Avec un double album aux intentions divergentes, le Londonien épaissit encore un peu plus son mystère.
Comme son compatriote Burial, l’Anglais Zomby est parvenu à conserver depuis 2007 un secret total quant à son identité et son visage. Mais contrairement à Burial la tombe, Zomby le feu follet a choisi Twitter comme terrain de joute et comme exutoire souvent hyperviolent (et drôle) pour apparaître en hooligan isolé d’une scène électronique peu encline habituellement à ce genre de frasques.
Emancipé des cloisons du dubstep, trop étroites pour son ego, il est devenu une sorte de cavalier de l’apocalypse dont la mémoire pachydermique conserve tous les combats menés dans les clubs ou à ciel ouvert depuis l’avènement des raves. Where Were U in ’92?, questionnait explicitement son premier album, quand il y a deux ans Dedication prolongeait avec beaucoup d’habileté ce dialogue entre passé et futur d’une musique souvent déboussolée sans parvenir à lui donner un sens.
Avec With Love, Zomby s’est décidé à flécher un peu plus sa démarche en séparant son album en deux volets dantesques (trente-trois morceaux), l’un comme un résumé des épisodes précédents en forme de carambolage, l’autre plus personnel et mélancolique. Allant dans la première partie jusqu’à convoquer des fantômes de la jungle, de la house et de l’electronica, le tout passé dans une centrifugeuse exubérante, il semble se libérer une dernière fois d’un vocabulaire dont l’amoncellement, bien qu’amusant, ne constitue pas toujours un langage.
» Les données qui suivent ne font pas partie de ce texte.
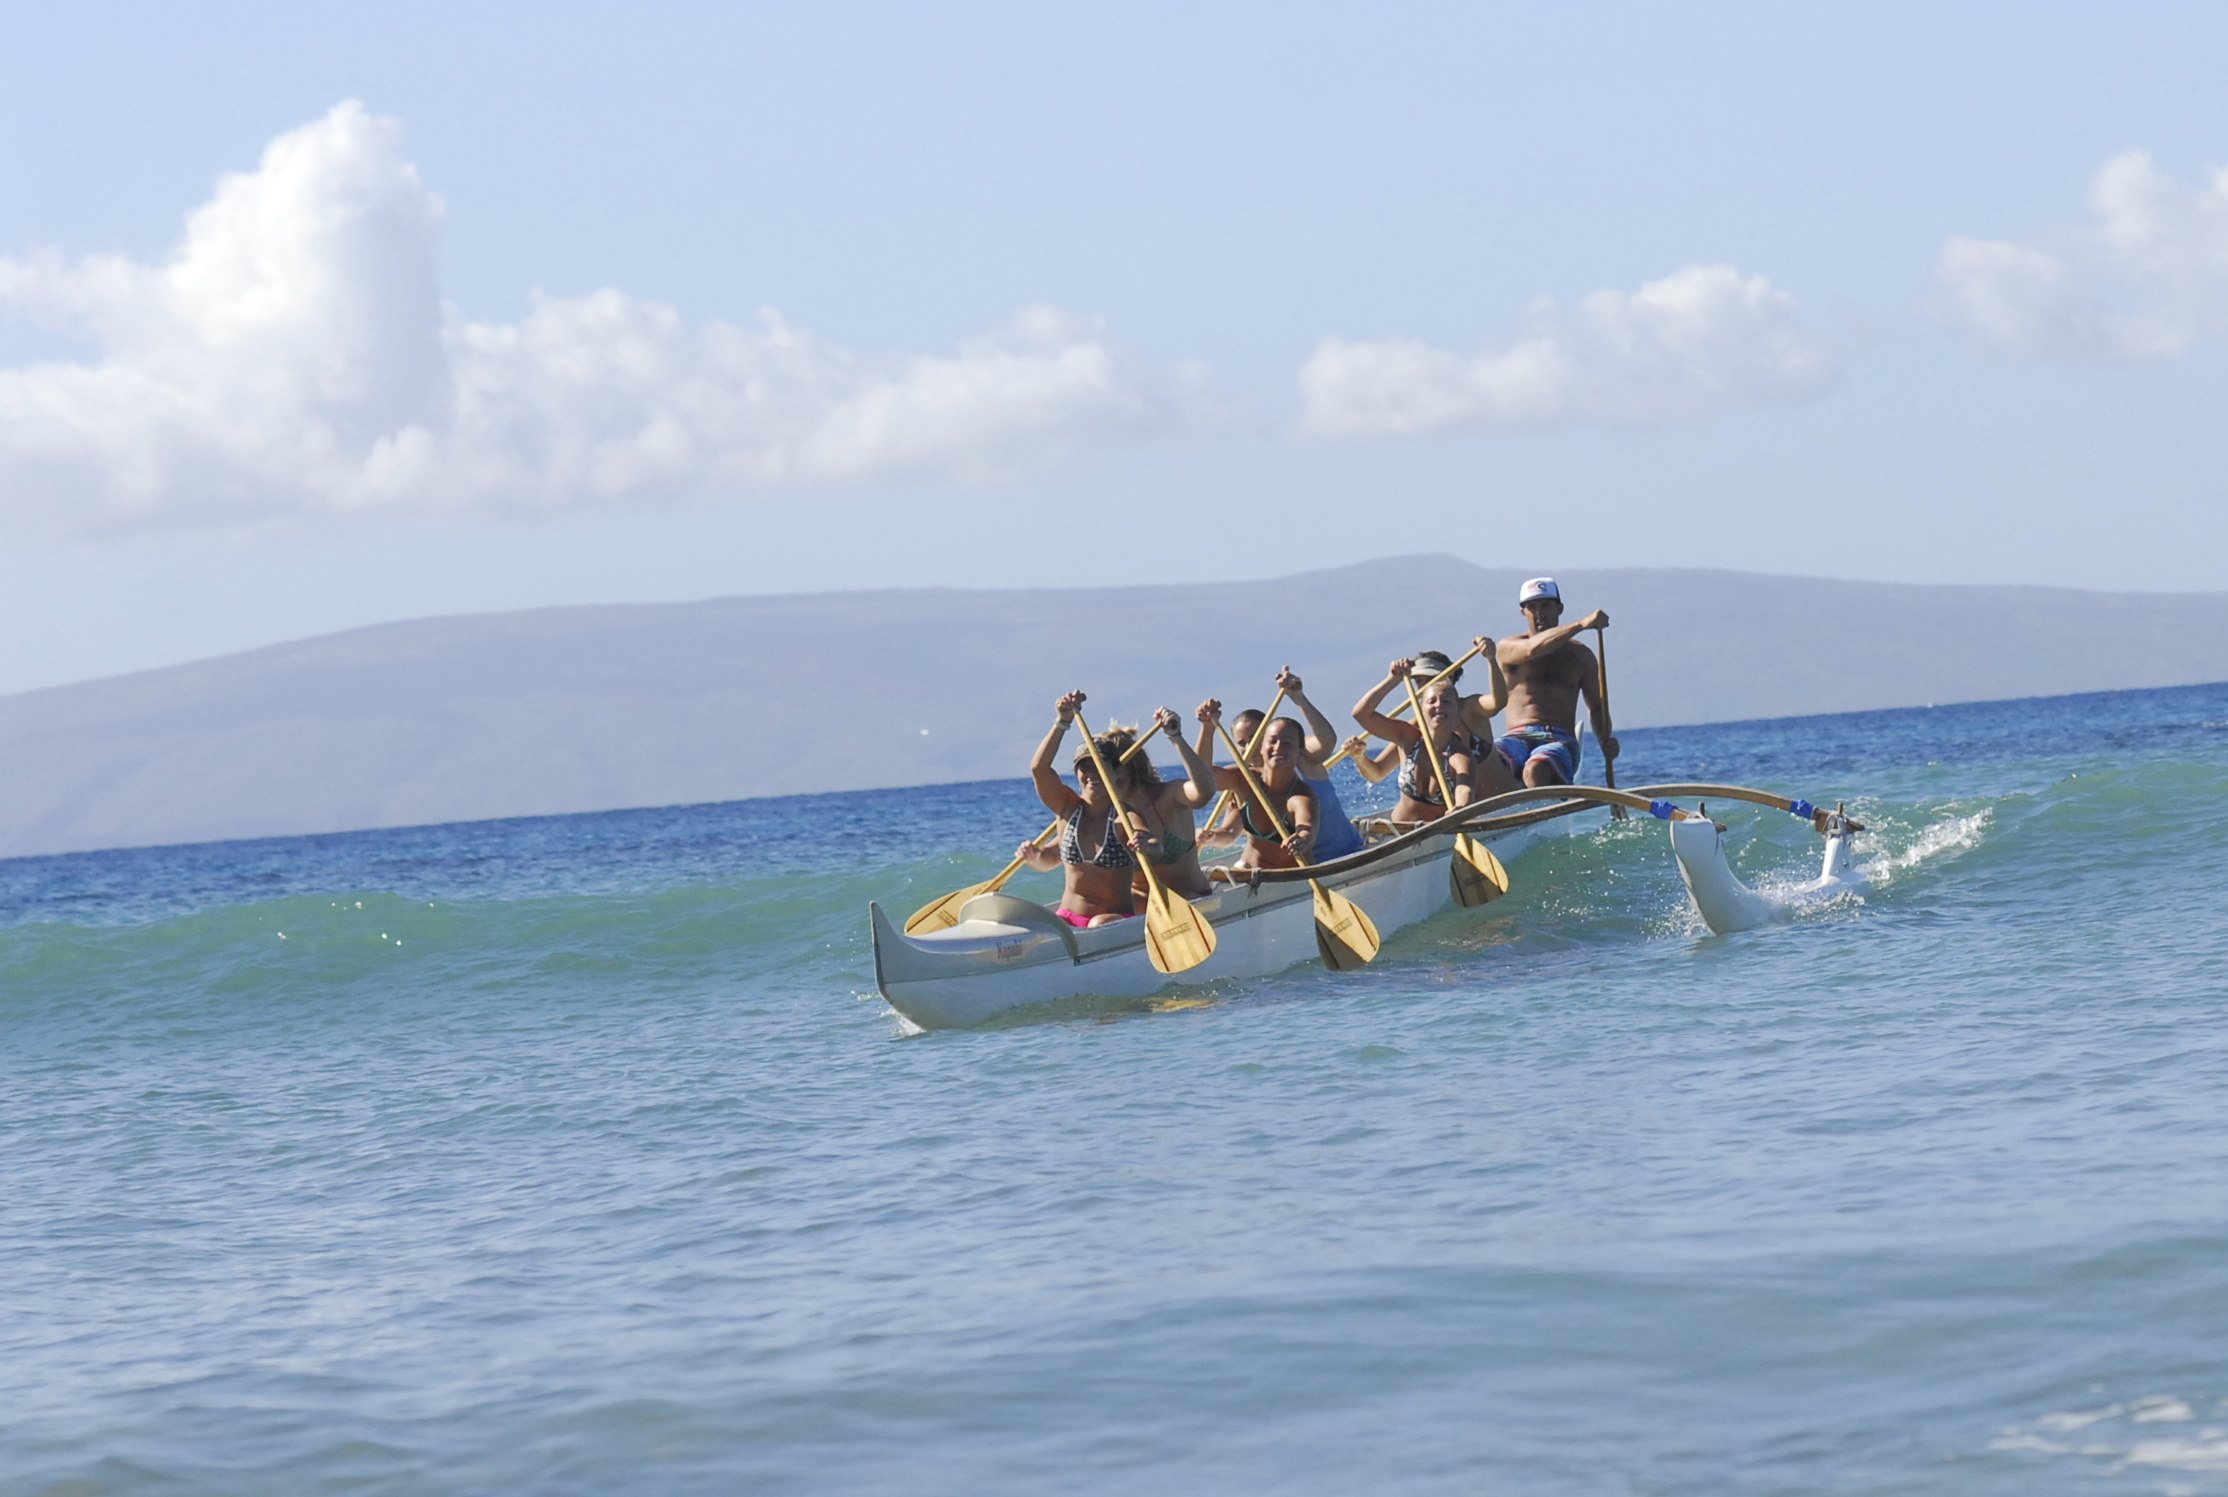 Blue Soul Maui, Maui, Private Tours, Maui Private Tours, Outrigger Canoe, Outrigger Canoe Tour, Paddle Adventure, Canoe Surfing, Outdoor Adventure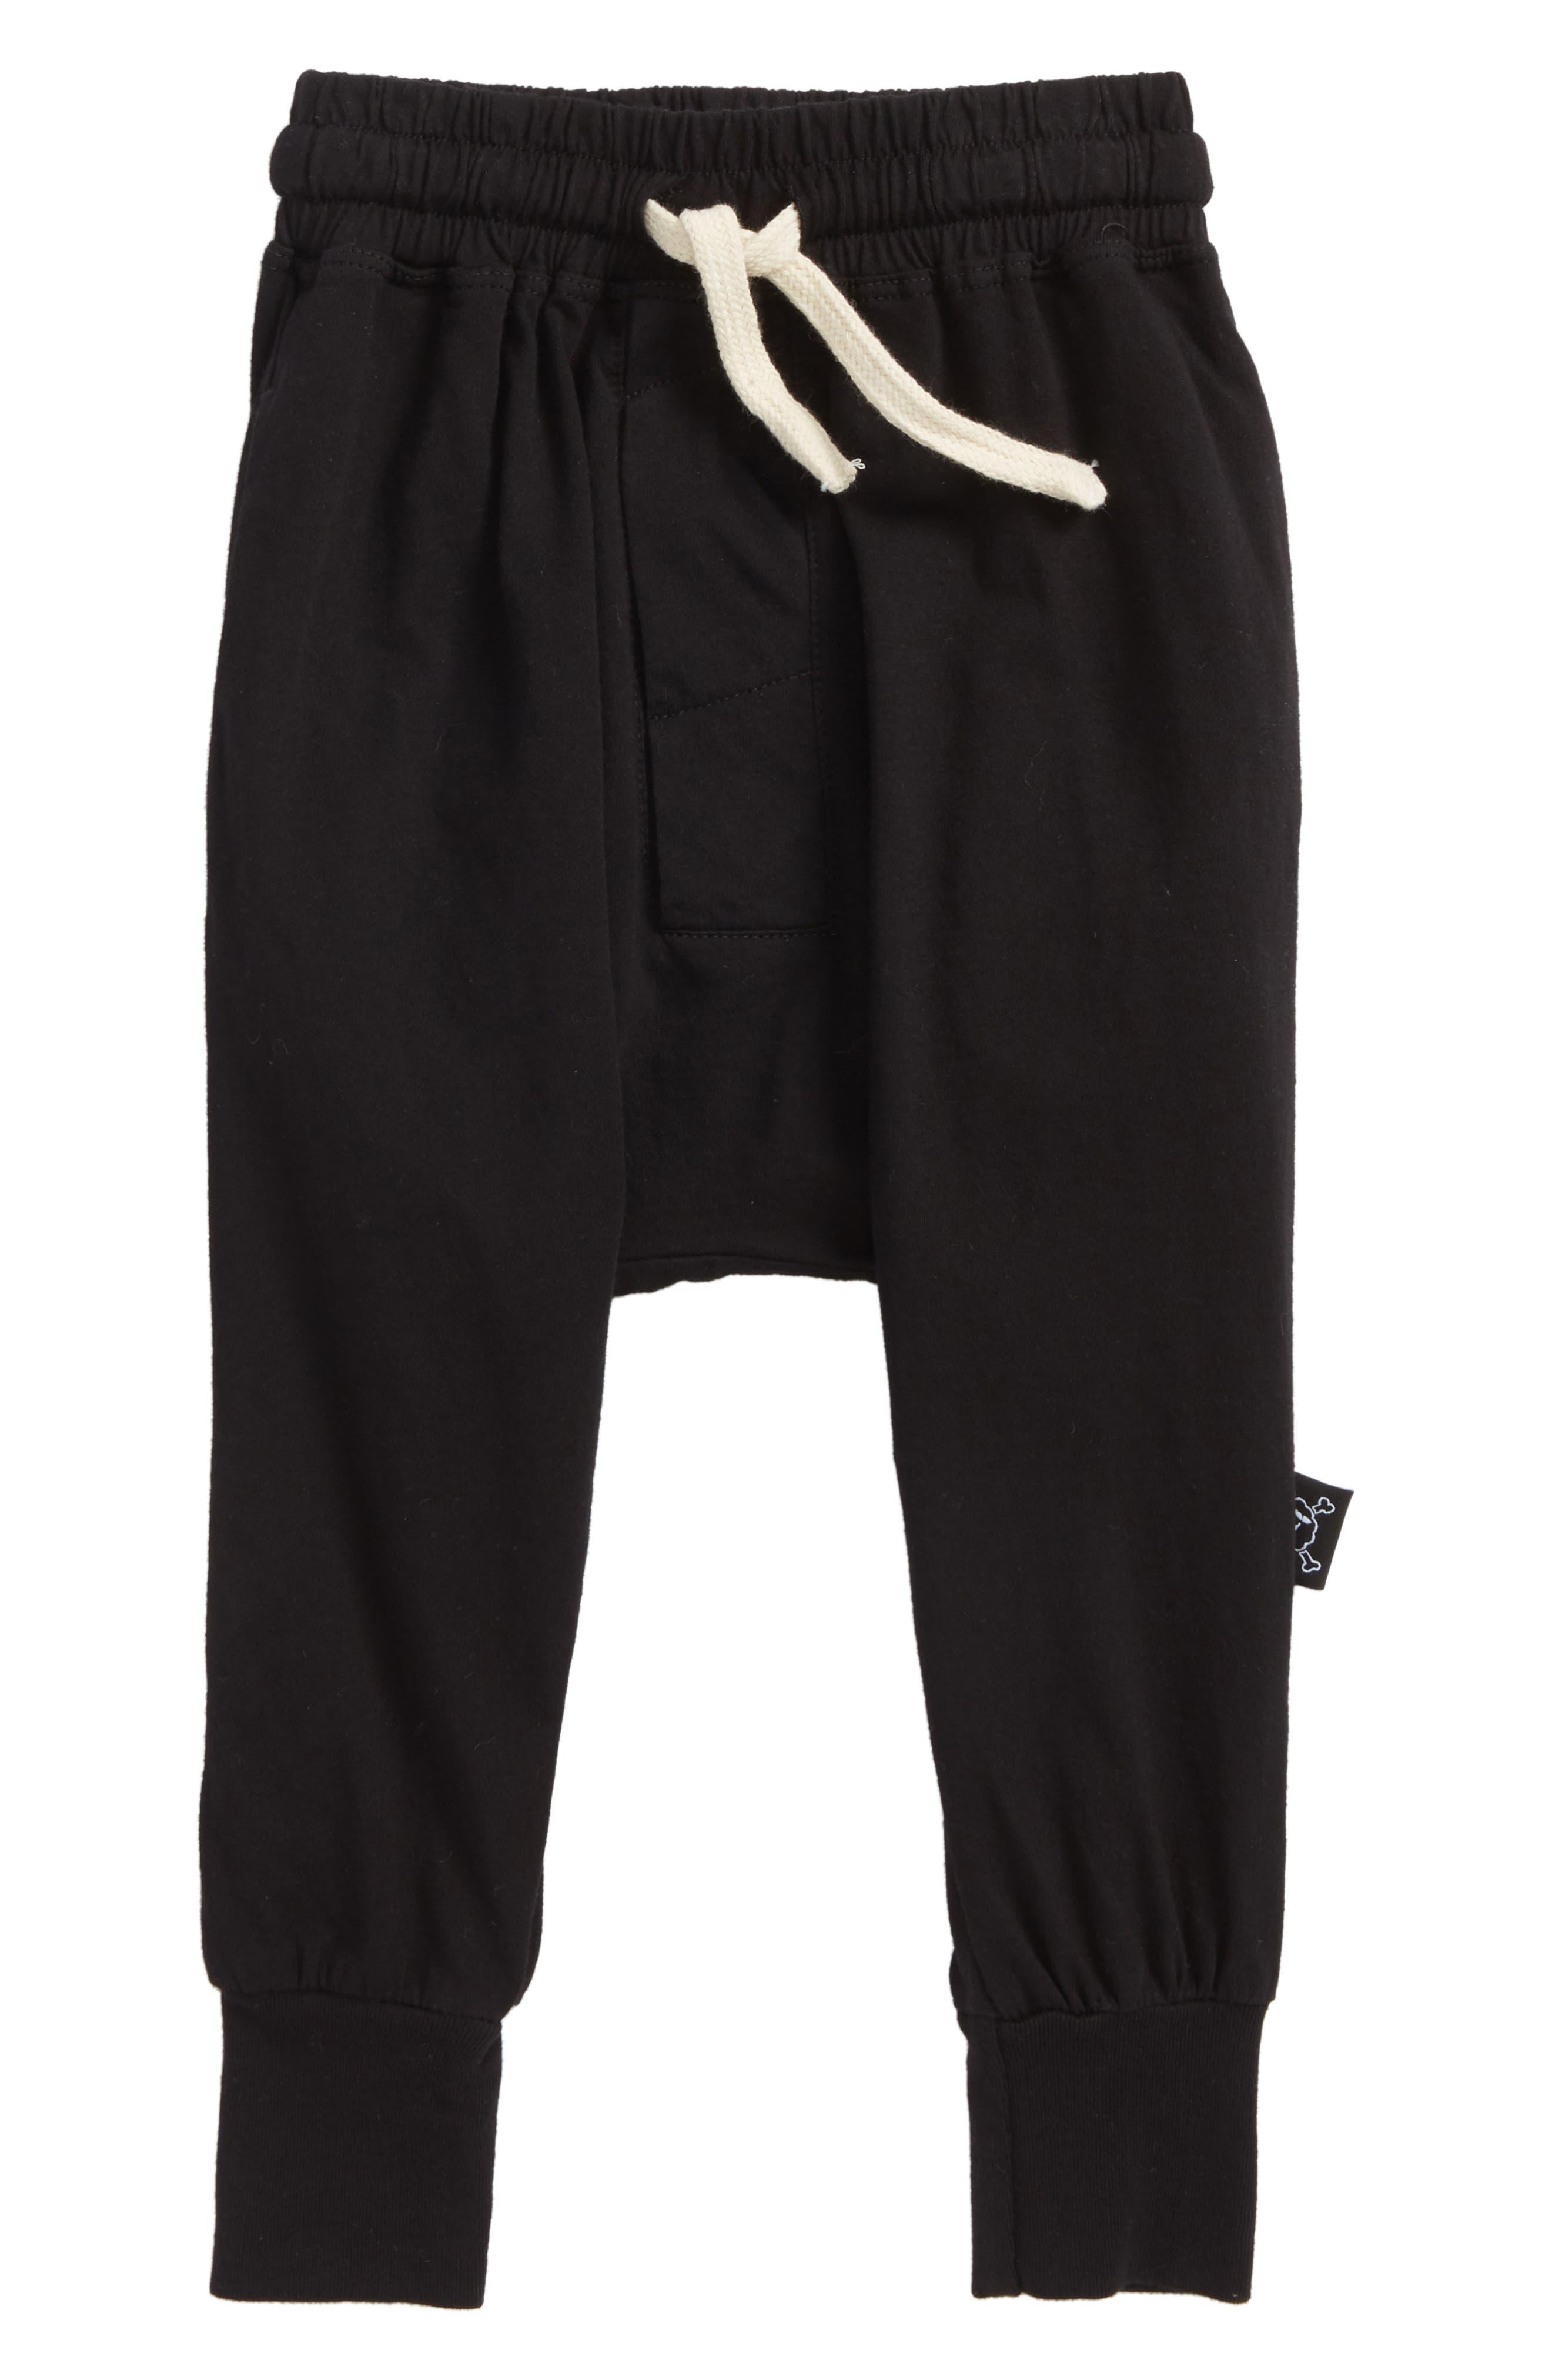 Jogger Pants,                             Main thumbnail 1, color,                             Black

En revanche, dans un second temps plus cérémonial, sans hystérie mais avec beaucoup d’élégance, Zomby prouve qu’il est autre chose qu’un dynamiteur doué en s’imposant d’utiliser peu de moyens et d’effets mais d’en soigner plus scrupuleusement l’ordonnance. Avec ses thèmes répétitifs, déclinés en abyme, ses rythmiques toujours concassées mais plus engourdies, ce verso plus sombre de With Love tient plus du panoramique que du kaléidoscope et se révèle autrement plus dense et profond que son recto.
Entre écrans de fumée (Digital Smoke, White Smoke) et jeux de transparences/opacités trompeuses (Glass Ocean, Reflection in a Black Glass), il ne dévoile pas pour autant l’issue de son impressionnant labyrinthe.